Ich bin vom Mac mini Studio begeistert. Mir würde der M1 Max reichen. Die Ausstattung würde ich auch so bestellen. Die Version mit M1 Ultra ist eher was für Power-User, die viel Performance brauchen gedacht. Das sieht man dann auch am Preisunterschied zwischen M1 Max und M1 Ultra...

Das Grundmodell mit 500 GB SSD, M1 Max und 32 GB RAM ist schon eine Ansage. Der Preis ist wie üblich bei Apple nicht gerade ein Schnäppchen, aber von der Ausstattung her akzeptabel.

 

Das Top-Angebot für private Desktop-Nutzer wäre ein neuer iMac 27, vor allem wenn er nicht so aussehen würde wie der iMac 24. Der Mac Studio ist für normale Ansprüche überdimensioniert. Der Mac Mini erscheint zwar preiswert, braucht aber als Zubehör einen guten Bildschirm plus Tastatur und Maus, was die Kosten in die Höhe treibt und auf dem Schreibtisch lange nicht so elegant aussieht wie der klassische iMac. So müssen wir wohl auf den Herbst warten.

Joe Cool

… erst mal ein Dankeschön an MacGadget, dafür dass die 5% sinnvolle Information aus der selbstverliebten Keynote in kompakte und sachliche Berichterstattung verpackt wurden. Was soll ich mit Film-Highlights und Gaming?!? Hab nach fünf Minuten wieder abgeschaltet und mich auf den Artikel dazu auf mg gefreut.

@awado: Volle Zustimmung! Filme, ein marginales iPhone SE-Upgrade, eine neue iPhone 13 Farbe, ein so lala iPad Air Upgrade - da hätte man weniger Lebenszeit seiner Kunden verplempern können.

Den Mac Studio finde ich allerdings top! Endlich ist die gigantische Lücke weitestgehend geschlossen, die bzgl. Preis und Leistung zwischen Mac mini und Mac Pro klaffte. Ich denke, dass unsere (Werbe)Agentur 6 von den Geräten anschaffen wird. Mangels Alternative arbeiten die Kollegen immer noch mit den Mac Pro Mülleimern von 2013!!! Und ich denke, dass jetzt zig tausende von Betrieben ähnlich dem unseren den Mac Studio bestellen werden. Apple wird mit der Produktion wahrscheinlich kaum nachkommen.

Tatsächlich entspricht das Gerät fast exakt unserer Idealkonfig, die ich hier https://www.macgadget.de/News/2022/02/07/Insider-Naechstes-Apple-Event-… beschrieb und ist dann sogar 130 bis 160 Euro billiger, als ich prognostiziert hatte.

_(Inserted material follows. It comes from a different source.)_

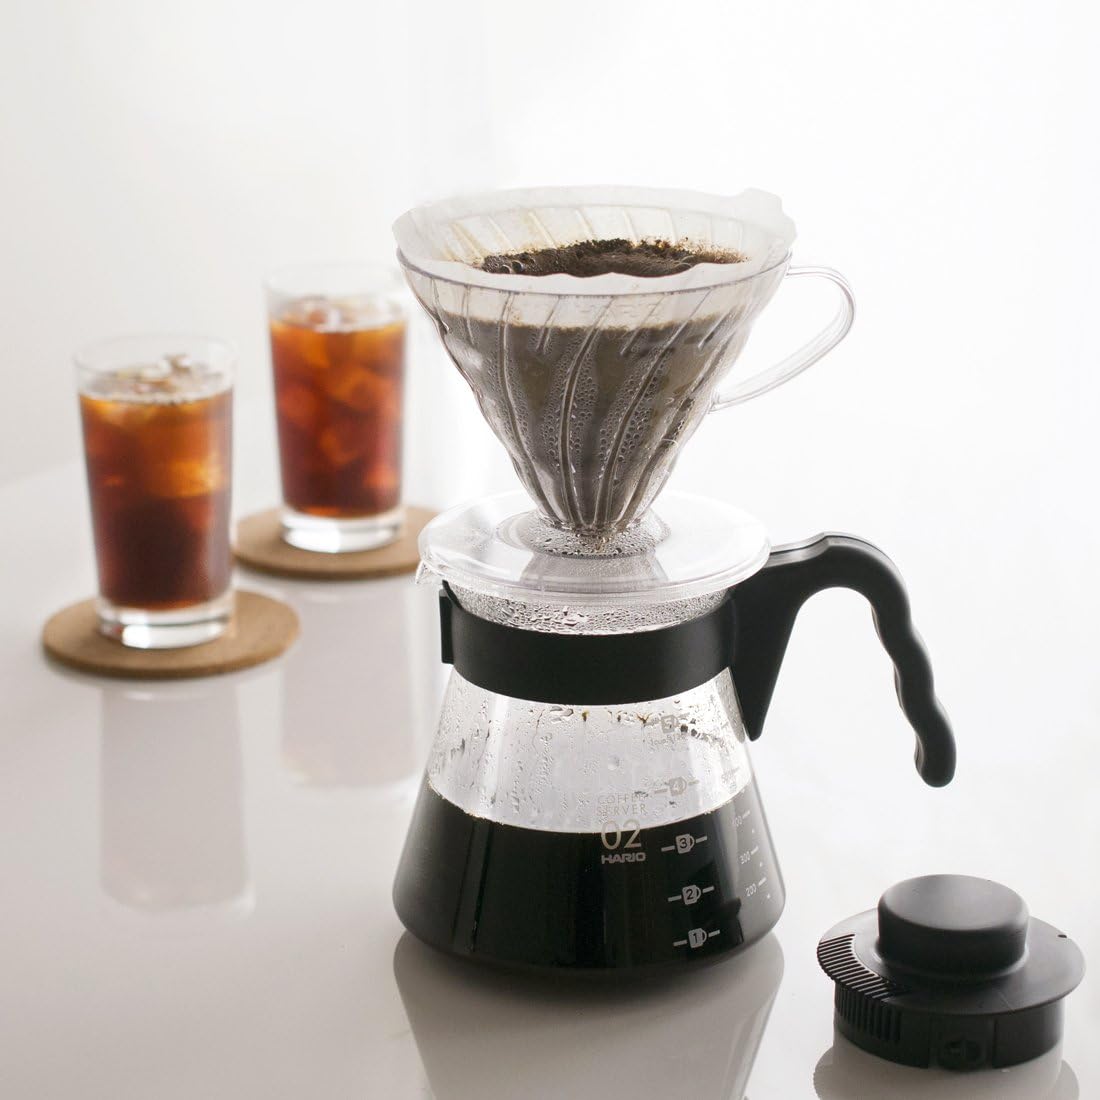 Hario V60 Pour Over Starter Set with Dripper, Glass Server, Scoop and Filters, Size 02, Brown - SQN station
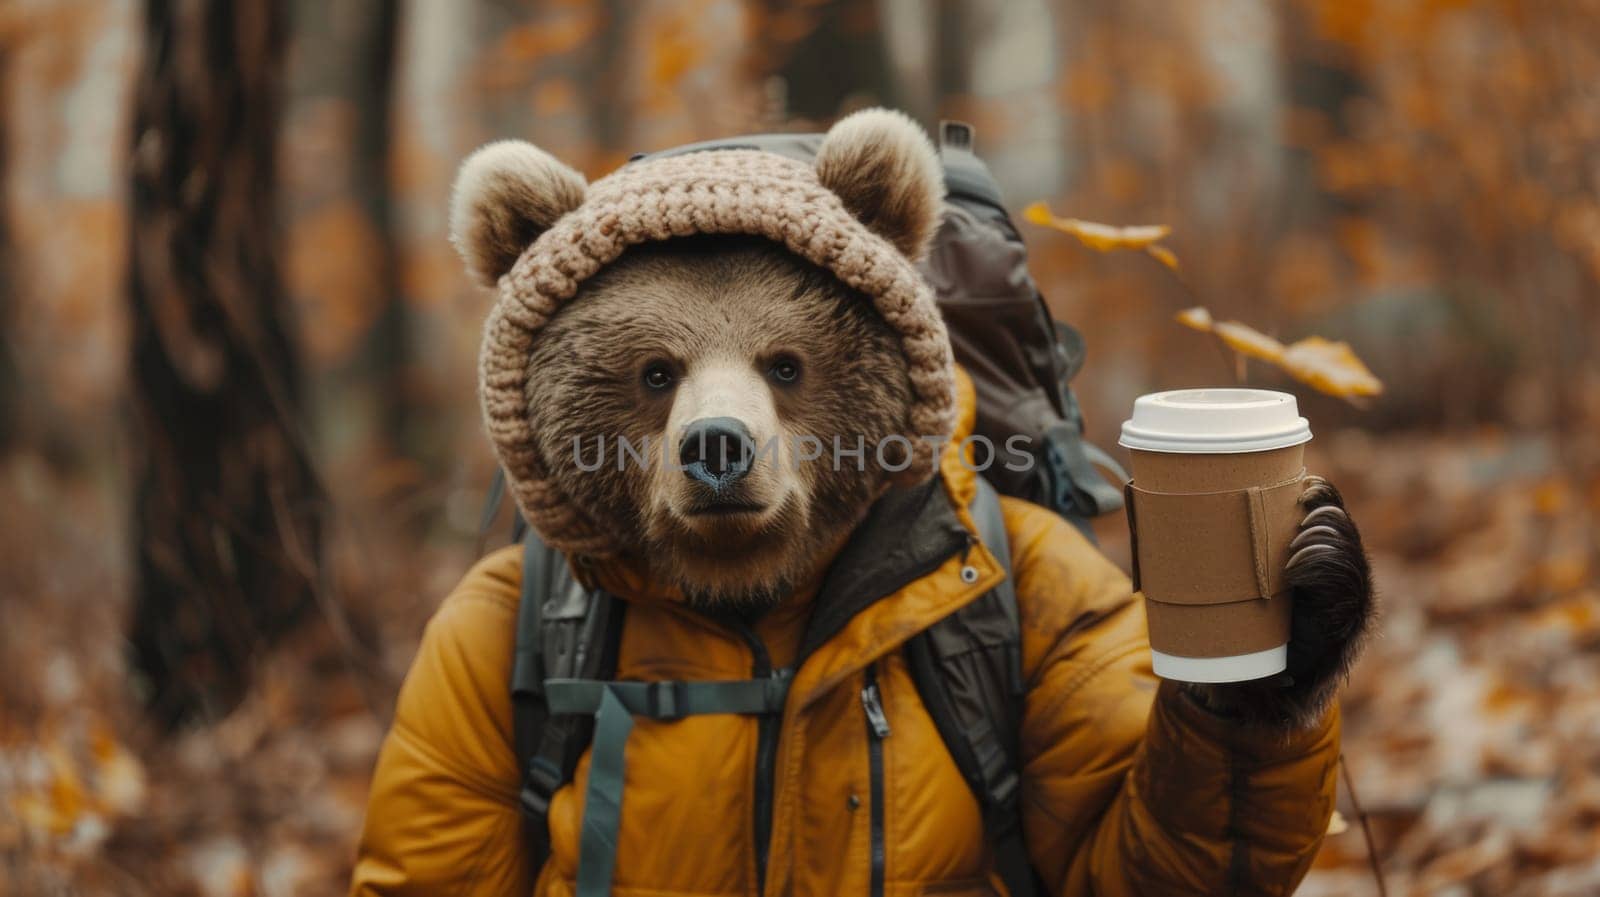 A bear in a winter coat holding up coffee and wearing a hat, AI by starush

Hallo an alle. Als Musiker schaue ich mir in erster Linie die Single Core Werte an. Hier finde ich es bemerkenswert das mein Macbook Air M1 mit 1700 doch gut mithält. Grafikperformance ist bei Logic, Pro Tools etc. nicht gaaanz so wichtig. Ansonsten fand ich die Show gestern abend eher „gestelzt“. Das einzige Highlight für mich war das Studio Display - wenn auch teuer. Aber Apple Cinema Displays waren vor 17 Jahren auch kein Sonderangebot und mein 23 HD läuft immer noch :-)

 

deshalb ist es nicht verwunderlich, das dein Air bei den Single Core Werten mithalten kann. Das mehr an Leistung bei Pro, Max und Ultra im Vergleich zum M1 kommt auch nur daher, das dort überall mehr von allem drin ist (CPU- und GPU-Kerne, RAM...).

Das Warten auf den Herbst kann man sich vermutlich sparen:

Aktuell ist eher davon auszugehen, dass es keinen 27" iMac mehr geben wird.

Im "Peek Performance" Event bestätigt John Ternus, dass es nur noch einen weiteren Apple Silicon Mac geben wird: den Mac Pro.

Der 27" iMac ist inzwischen auch aus dem Apple Store verschwunden und Apple hat ggü. ArsTechnica den 27-Zöller inzwischen als "End-of-Life" Produkt bestätigt.

Ja, das macht Sinn - mehr Kerne mehr Multicore Power. Ich hatte gedacht das sich auch im Single Core Bereich etwas tut - wenn Apple den neuen Mac schon „Studio“ nennt. Egal - ich kann mit einer Latenz von 64 Samples gut leben mit dem Macbook Air.

Ein neuer großer iMac - ob jetzt 27" oder gleich 30" - soll in der Entwicklung sein. Herbst/Winter heißt es. Gibt auch einen Bericht hier dazu.

hatten auch gesagt, es würde gestern ein neues Macbook Pro 13" kommen, der M2 wäre fertig und es gäbe eine leistungsfähigere Variante des Mac mini. Den Mac Studio hatte bis vor 2 Tagen niemand auf dem Plan.

Der Mac-Studio ist in gewisser Weise doch eine Leistungsfähigere Variante des Mac Mini. Und sieht (fast) genauso aus. Etwas höher und mehr Anschlüsse. Ist doch genau das Gewünschte. Nur etwas zuviel Power für "jedermann" und etwas gar teuer. 
Gleiches Gehäuse. M1 und M1 Pro im Angebot. Start irgendwo bei 999.— mit 16 und 500GB wäre perfekt.